За кораблем серебряной уздою
Прикован к морю душный небосвод.
Роса натягивает снасти туго,
Коробит солнце дерево бортов,
А мы скользим все дальше к югу, к югу,
Знакомый старый путь – он вечно нов.
– Ну что, Горб? Как это вам нравится? – спросил он меня, помолчав, как этого требовали слова и обстановка.
Я посмотрел ему в лицо. Оно было озарено светом, как само море, и глаза сверкали.
– Меня поражает, что вы способны на такой энтузиазм, – холодно ответил я.
– Почему же? Это говорит во мне жизнь! – воскликнул он.
– Дешевая, ничего не стоющая вещь, – вернул я ему его же слова.
Он рассмеялся, и я впервые услышал в его голосе искреннее веселье.
– Ах, как бы мне заставить вас понять, никак не вбить вам в голову, что это за штука – жизнь! Конечно, она ценна только для себя самой. И могу сказать вам, что моя жизнь сейчас весьма ценна… для меня. Ей прямо нет цены, хотя вы найдете в этом ужасное преувеличение. Но что делать, моя жизнь сама оценивает себя.
Казалось, он подыскивает слова, чтобы высказать какую-то мысль, и наконец он заговорил:
– Поверите ли, я испытываю странный подъем духа. Мне кажется, как будто все века звучат во мне, как будто все силы принадлежат мне. Я вижу истину. Я чувствую в себе способность отличать добро от зла. Зрение мое проникает вдаль. Я почти мог бы поверить в Бога. Но, – голос его изменился, и лицо омрачилось, – почему я в таком состоянии? Что значит эта радость жизни? Это упоение жизнью? Это ясновидение, как я хотел бы выразиться? Это бывает просто от хорошего пищеварения, когда желудок человека в порядке, когда у него исправный аппетит и все идет хорошо. Это подачка жизни, кровь, обращенная в шампанское, брожение закваски, внушающее одним людям высокие мысли, а других заставляющее видеть Бога или создавать его, если они не могут его видеть. Все это – опьянение жизни, бурление закваски, бессвязный лепет жизни, одурманенной сознанием, что она жива. Но увы! Завтра придется расплачиваться за это, как расплачивается всякий пьяница. Завтра я буду помнить, что я должен умереть, и что я умру скорее всего в море; что я перестану ползать и воевать с коварным морем; что я буду гнить, что я сделаюсь падалью; что сила моих мускулов перейдет в плавники и чешую рыб. Увы, увы! Шампанское уже иссякло. Вся игра ушла из него и оно стало безвкусным напитком.

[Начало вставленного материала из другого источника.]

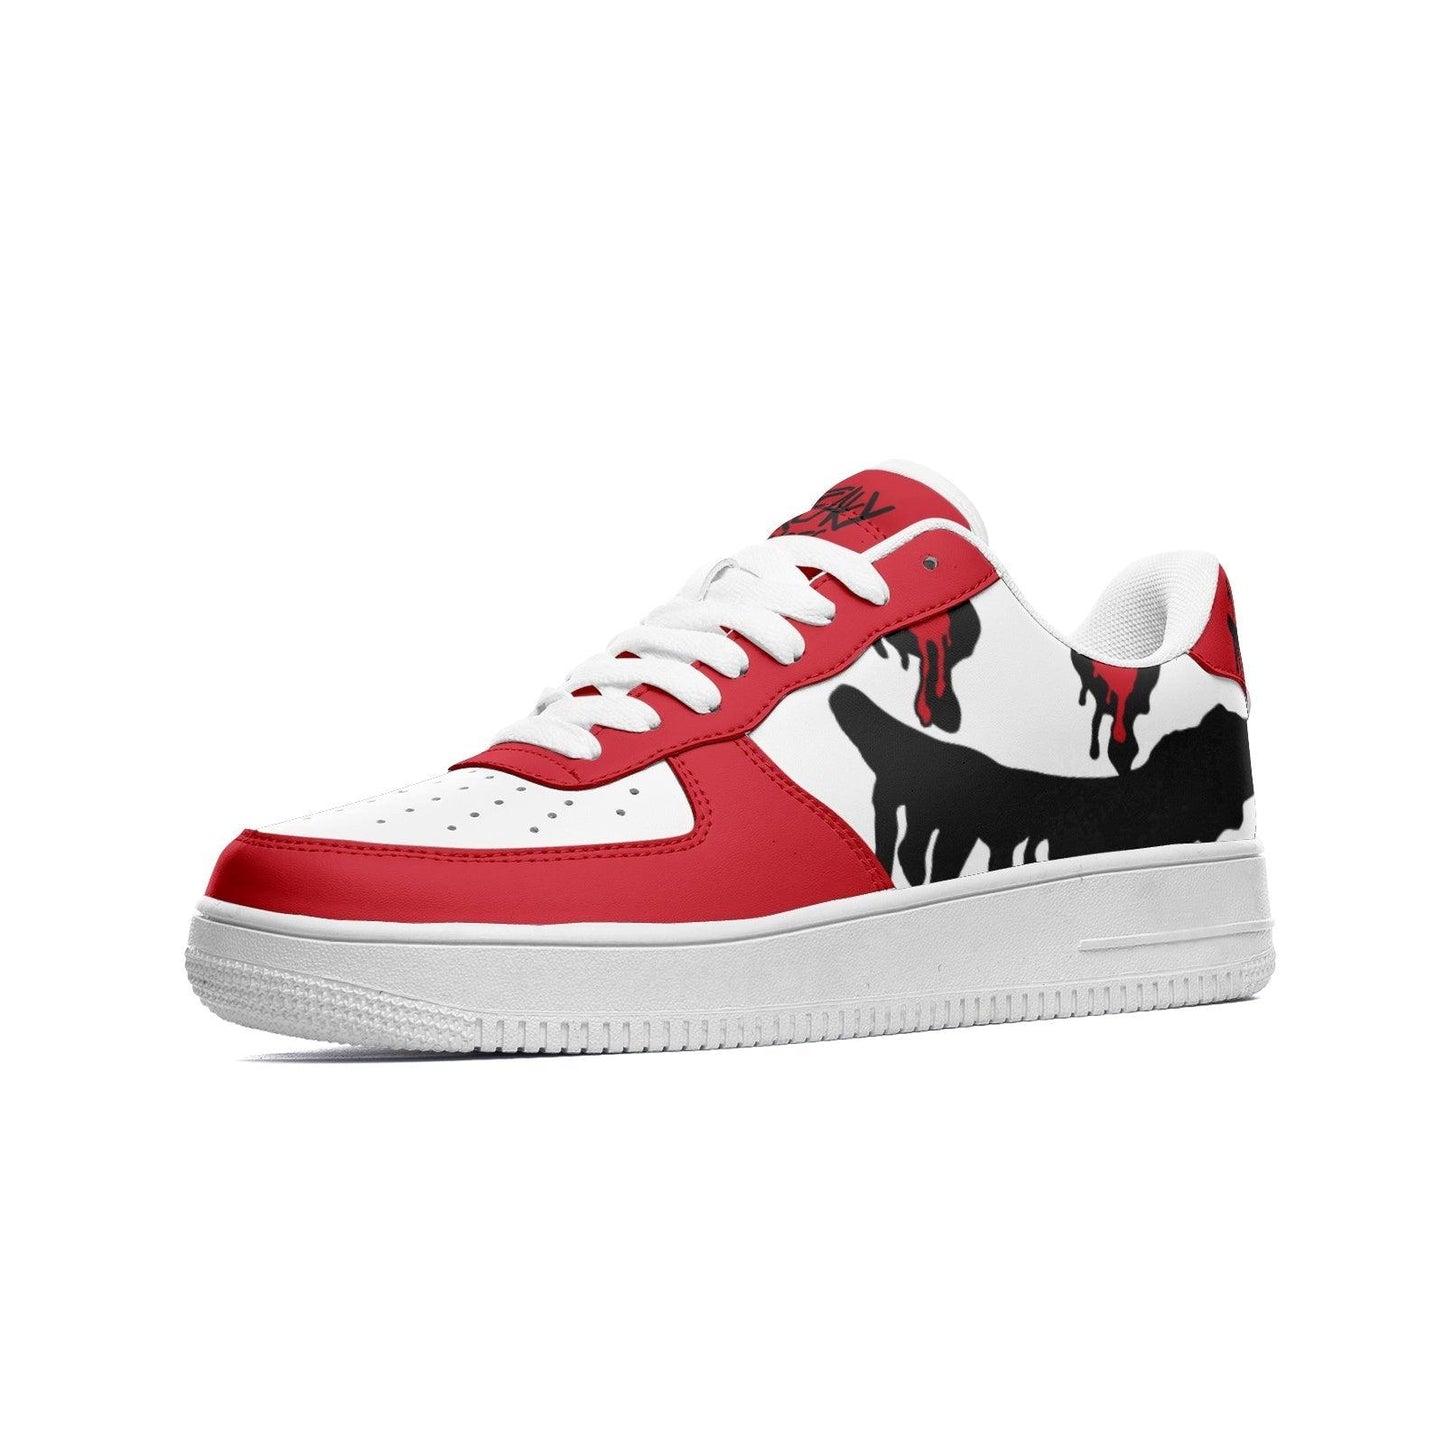 Freaky Shoes Branded Red White Low Tops - 3 Men / 4.5 Women

Он покинул меня так же внезапно, как появился, и спрыгнул на палубу с эластичностью тигра.
"Призрак" продолжал плыть по своему пути. В журчащих звуках у форштевня мне теперь слышалось мучительное хрипение. Должно быть, такое впечатление произвел на меня внезапный переход Ларсена от экстаза к отчаянию.

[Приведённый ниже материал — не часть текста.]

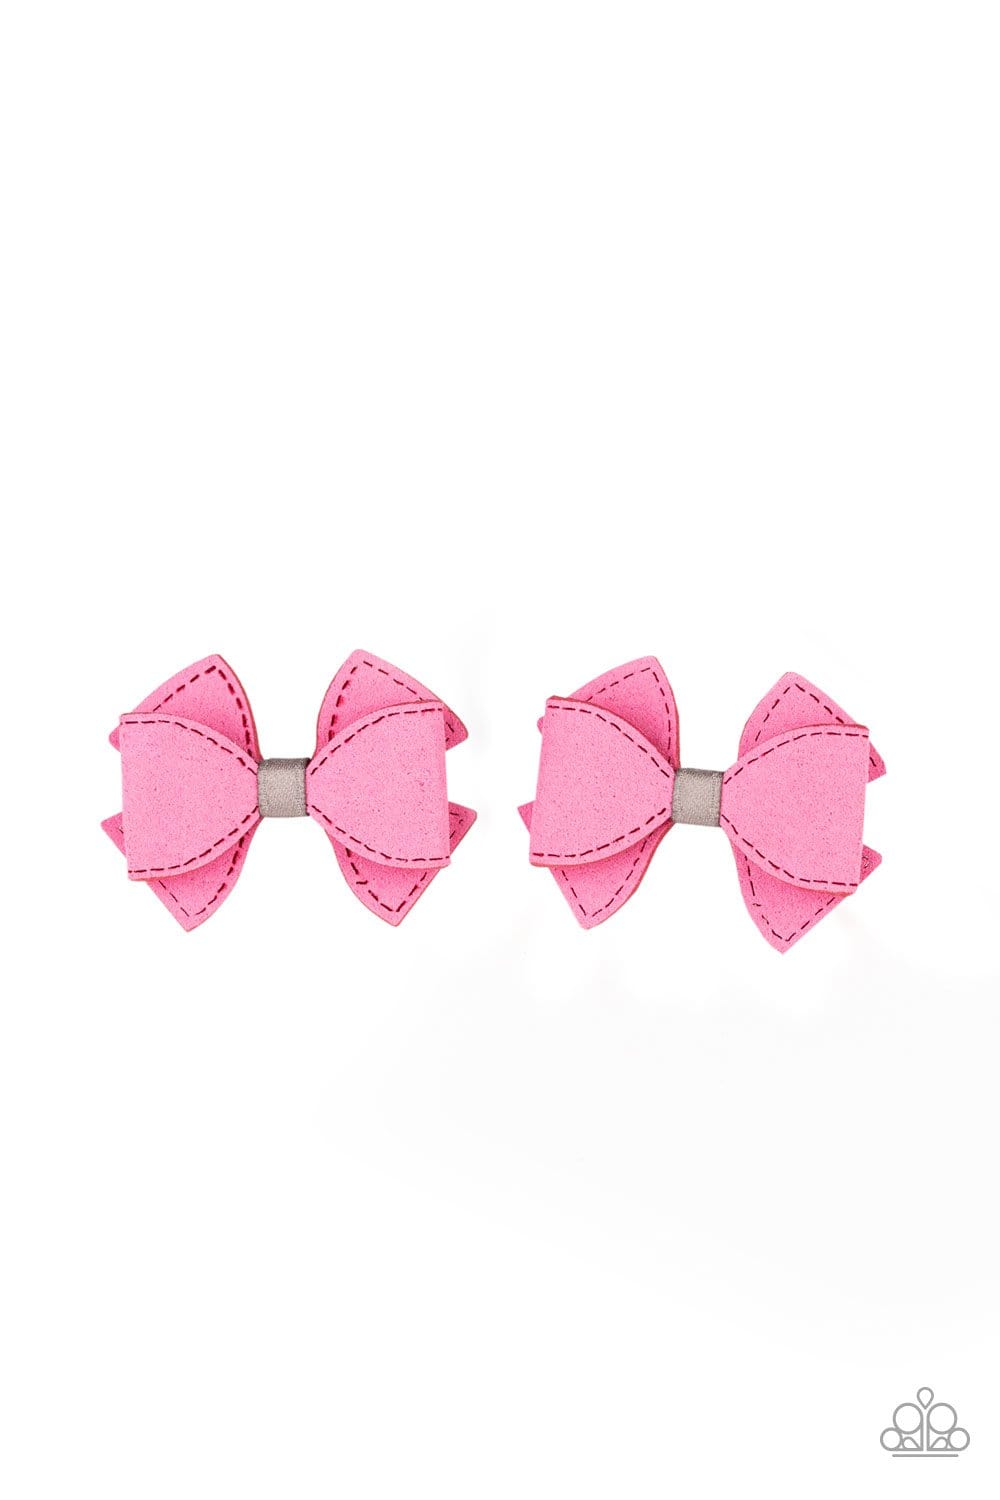 pink hair clips

Вдруг какой-то матрос на шканцах звучным тенором запел песню о пассате:
Я – ветр, любезный морякам.
Я свеж, могуч.
Они следят по небесам
Мой лет средь туч.И я бегу за кораблем
Вернее пса.
Вздуваю ночью я и днем
Их паруса.
Глава VIII
Иногда Вольф Ларсен кажется мне сумасшедшим или, по крайней мере, полусумасшедшим – столько у него странностей и прихотей. Иногда же я думаю, что это великий человек, гений, какого еще не видел свет. И, наконец, я убежден, что он совершенный тип первобытного человека, опоздавший родиться на тысячу лет или поколений, живой анахронизм в наш век высших культурных достижений. Конечно, он индивидуалист ярко выраженного типа. Но помимо этого, он человек крайне одинокий. Между ним и остальными на корабле очень мало общего. Его необычайная физическая и духовная сила отделяет его от других. Он смотрит на них, как на детей, не делая исключения даже для охотников, и как с детьми обращается с ними, заставляя себя спускаться до их уровня и играя с ними, как играют со щенками. Иногда же он испытывает их суровой рукой вивисектора и копается в их душах, как будто желая узнать, из чего они сделаны.
За столом я десятки раз наблюдал, как он хладнокровно наносил оскорбления то одному, то другому охотнику и с таким любопытством принимал их ответы и вспышки их гнева, что мне, постороннему наблюдателю, становилось почти смешно. Когда же он сам проявляет ярость, она мне кажется напускной. Я уверен, что это только манера держаться, усвоенная им по отношению к окружающим. Я знаю, что, за исключением случая с умершим штурманом, я никогда не видел его в искреннем гневе. Да я и не желал бы наблюдать настоящий припадок его ярости, в котором развернулась бы вся его чудовищная сила.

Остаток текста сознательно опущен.